Też z koroną od przodków swych wziął Zygmunt pierwszy,
Którego w nas żaden wiek sławy nie zawierszy:
Tak się jego werznęły w serca ludzkie cnoty,
Że póki świat trwa, one trwać téż będą póty;
Lecz i ta nie ostatnie pewnie miejsce bierze,
Gdy tak żył w poprzysięgłéj z Solimanem wierze,
Z człekiem sławnym, wojennym, że i dotąd słodka
Tych pakt Turkom pamiątka, dla wielkiego przodka.
I choć też były czasem okazye zwady,
Bez czego ledwie może być między sąsiady;
Ale gdy do pokoju przychylni z stron obu,
Nie trzeba długo szukać do zgody sposobu;
Nie brać się za każdą rzecz, a dopiéroż małą,
Kto chce żyć między ludźmi i miéć przyjaźń całą.
Aczci zaś, gdy się nie mścisz pierwszéj krzywdy owéj,

Gotuj się prędko cierpiéć i wyglądaj nowéj;
Zaś kto się mści, dwa razy, mówią, bywa bity:
Moja rada z możniejszym nie zadzieraj i ty!
Zgoła ze złym sąsiadem nigdy bez kłopota!
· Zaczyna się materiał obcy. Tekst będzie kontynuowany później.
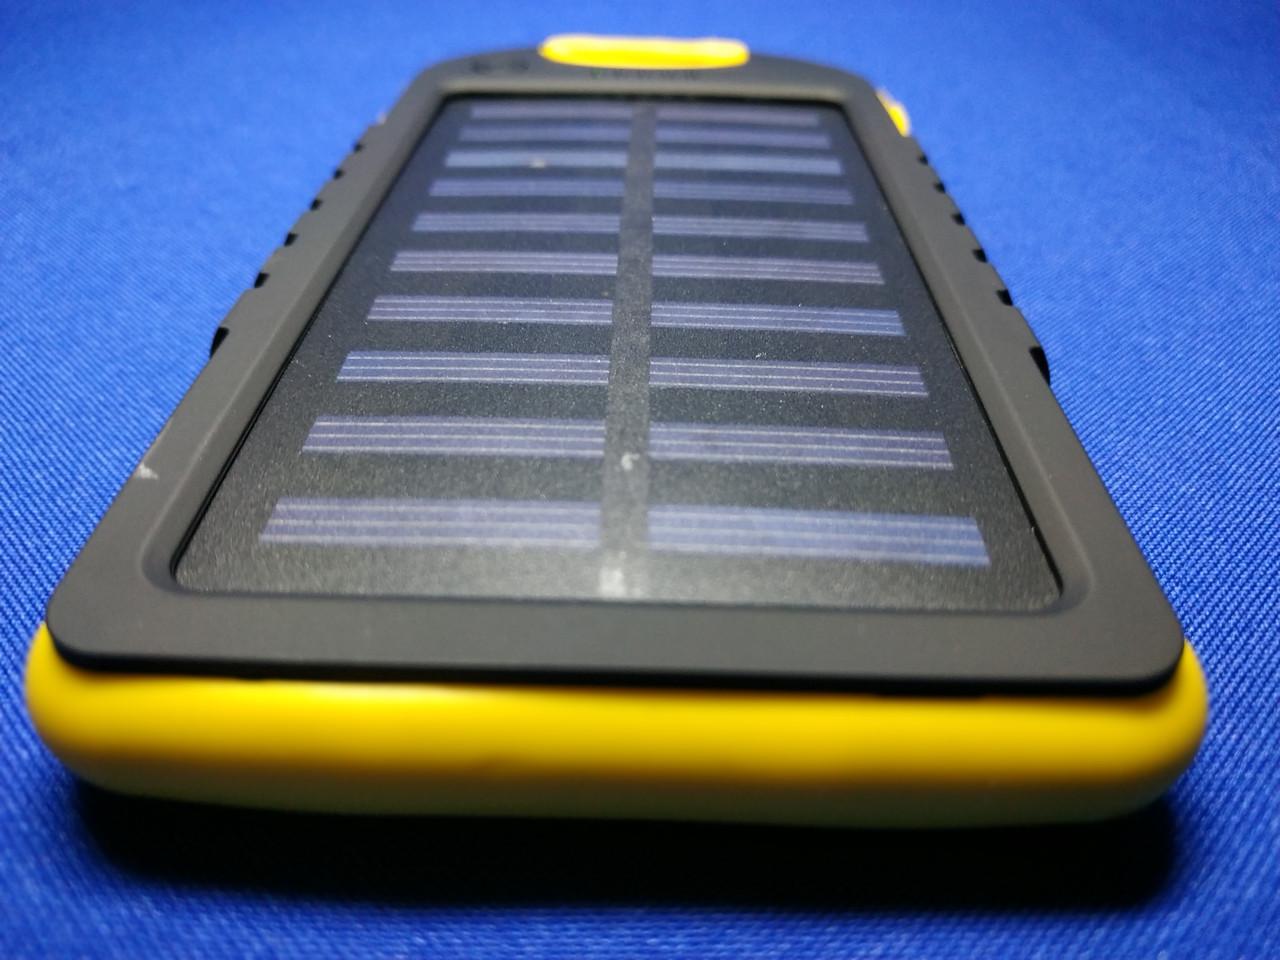 Power Bank Solar 10000mA на солнечных батареях с фонариком (желтый)

Zawsze padnie na nogi jako rzucisz kota.
Dlatego w żadném u mnie nie jest dziwowisku,
Że on szary Floryan na pobojowisku
Gdy w się pchał wytoczone jelita na ziemię,
Łokietkowi królowi odpowiedział, że mię
Bardziéj boli zły sąsiad w méj wiosce niźli ta
Rana, przez którą ze mnie wypadły jelita!
Ztąd Jelita Zamojskich, trzy złożone groty,
Wieczna pamiątka, wieczny charakter ich cnoty;
Które gdy się z Księżycem Wiśniowieckich zdadzą,
Na królewskim je tronie Polacy posadzą.
Więc do zgody sąsiedzi, Orła i Pogonie,
Te, co ich sąsiad mierział, Jelita w koronie.
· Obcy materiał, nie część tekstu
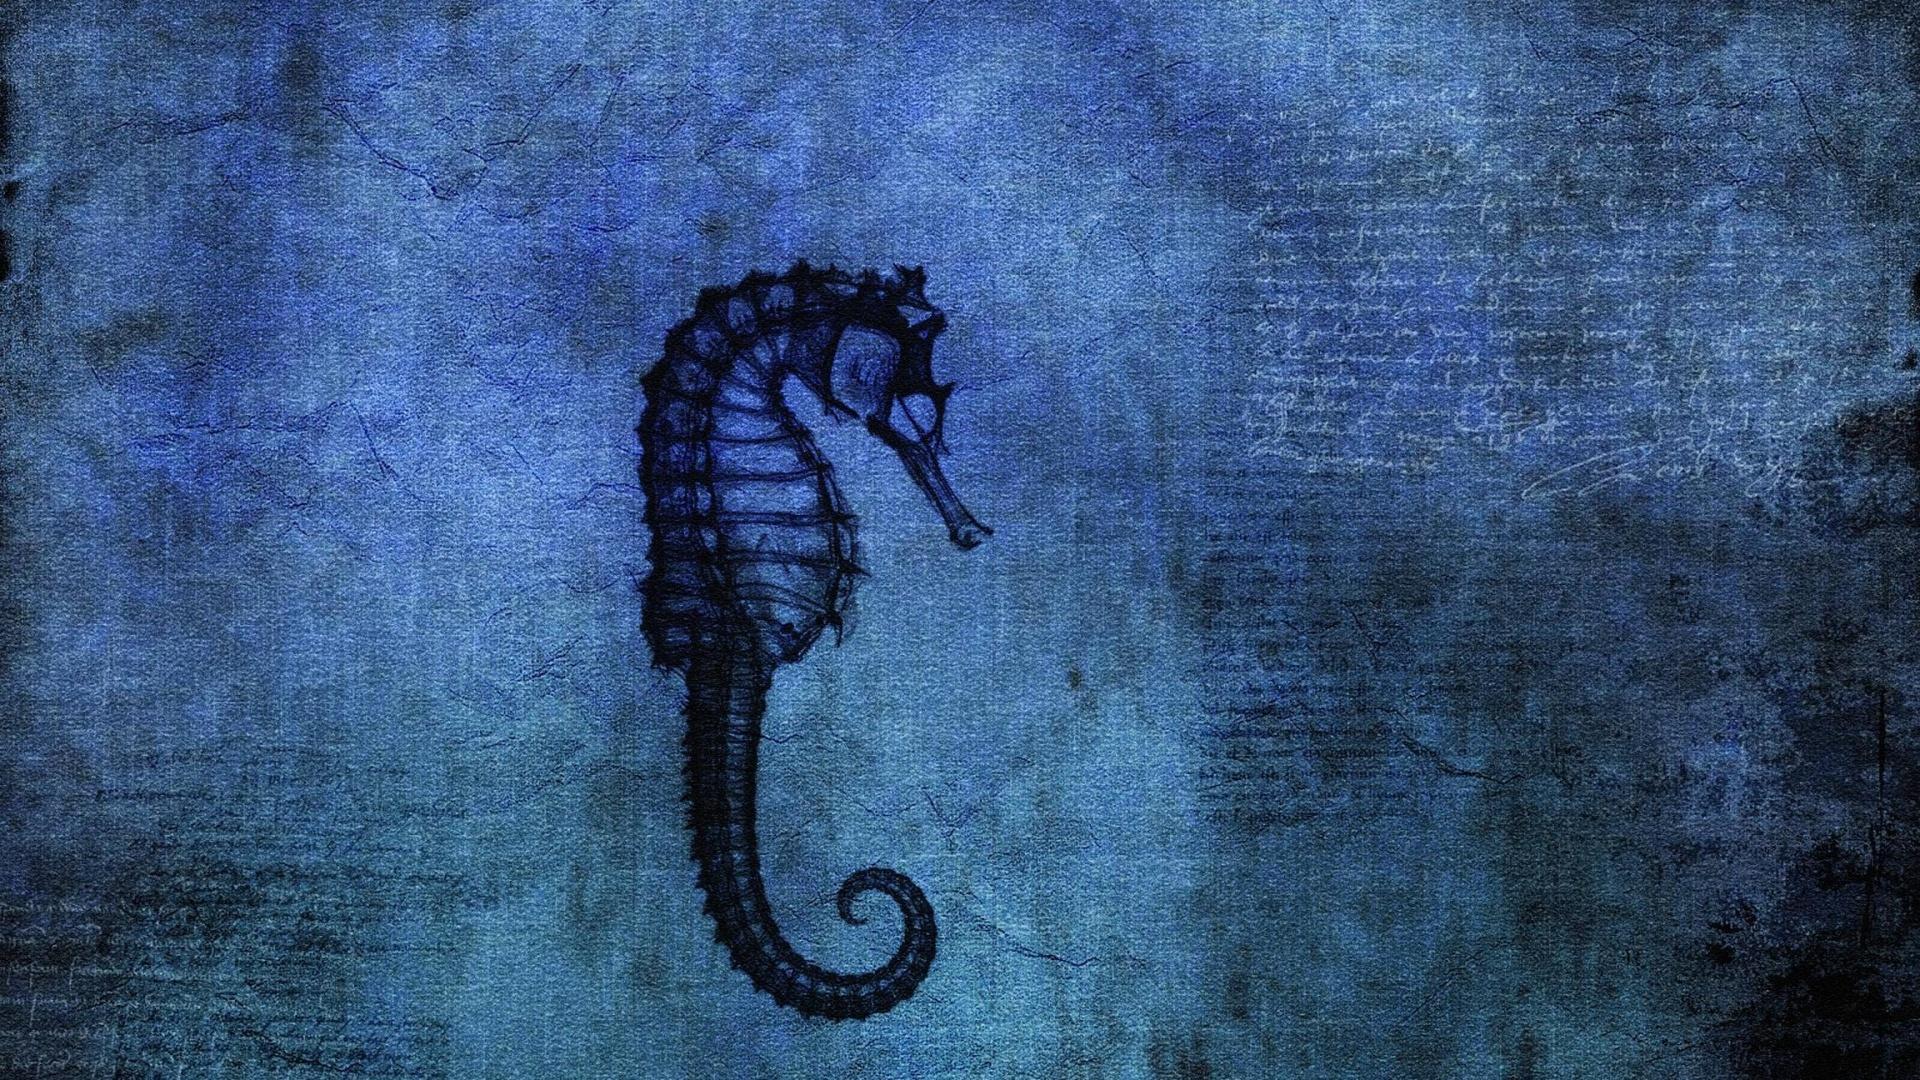 Seahorse Wallpaper theme

Ale się ja do rzeczy wracam przedsięwziętéj:
I Stefan i August pokój on zaczęty
Trzymał nienaruszenie, chociaż żywe serce
Wrzało w Stefanie na te wszech krajów pożerce;
Chociaż go Sykstus piąty do tego prowadził,
Żeby był złamał pakta, żeby się był zwadził;
Lecz Warna rozradzała i stawiała w oczy
Władysława, który krwią podziśdzień widoczy,
Że i poganinowi, ze złomanéj wiary
W tropy pomsta, niesława, śmierć, trumna, grób, mary.
Wołała, mówię, wara! na Polaki Warna.
Takżeby nasza była korona niekarna?
Lecz i Moskwicin krnąbrny, choć sto razy bity,
Przeszkadzał Stefanowi takie propozyty:
Co się z nim dziś pojednał, co się z nim: sprzyjaźnił,
Zaś go jutro pogniewał i na się rozdraźnił.
Więc samą utwierdzone przez czas tak niemały
Starożytnością, one dotąd pakta trwały;
Aż przez skryte skałuby i tajemne dziurki
Między mężne Polaki a nadęte Turki
Straszny się wojny krwawéj nagle ogień wzniecił,
Który świat od zachodu do wschodu oświecił.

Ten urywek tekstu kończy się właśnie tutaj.